We savor each unmarried drop of this curry. EVERY DROP. On a mattress of white rice (or any rice/grain of your liking), you’ll let this heavenly coconut curry sauce get totally sopped up.
With boneless, skinless hen thighs and a few hearty veggies (be happy to throw in the entire lingering refrigerator veggies as wanted – mushrooms, snap peas, broccoli, inexperienced beans, and so on.), this comes in combination lightening rapid. And the completing touches of the freshly squeezed lime juice, cilantro, and Thai basil leaves merely takes this to the following stage.
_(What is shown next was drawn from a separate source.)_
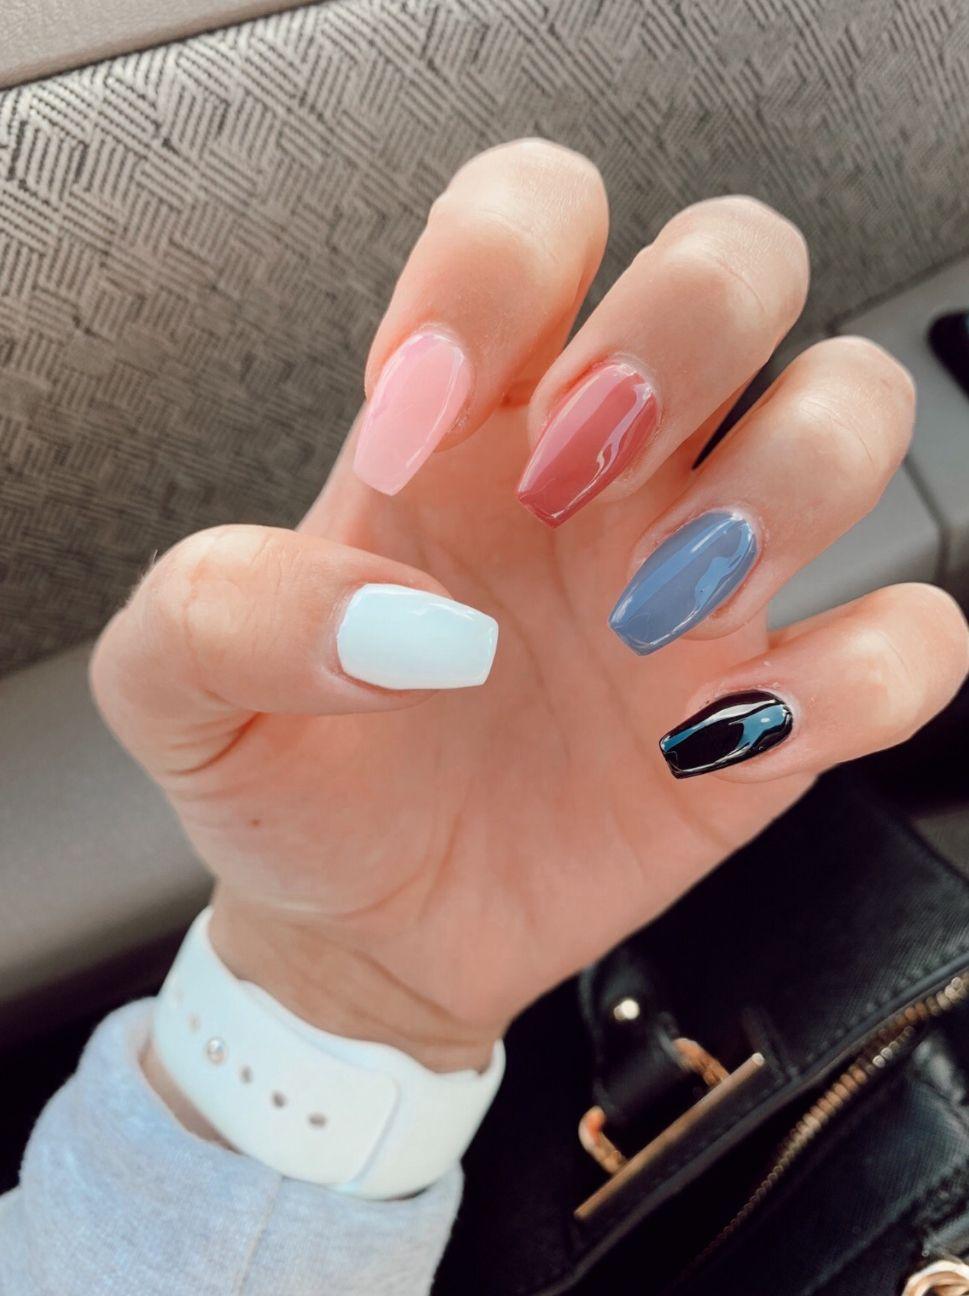 Pin By Phoenix Blue On Nail Inspo In 2020 Short Acrylic Nails Dream Nails Cute Acrylic Nails

Serve over rice, over noodles, over the entire issues.
TOOLS FOR THIS RECIPE
CAN I USE CHICKEN BREASTS?
Sure, hen breasts can completely be used right here however hen thighs have extra darkish meat and the next fats content material which is able to yield juicier, extra flavorful hen.
WHAT BRAND OF RED CURRY PASTE DO YOU RECOMMEND?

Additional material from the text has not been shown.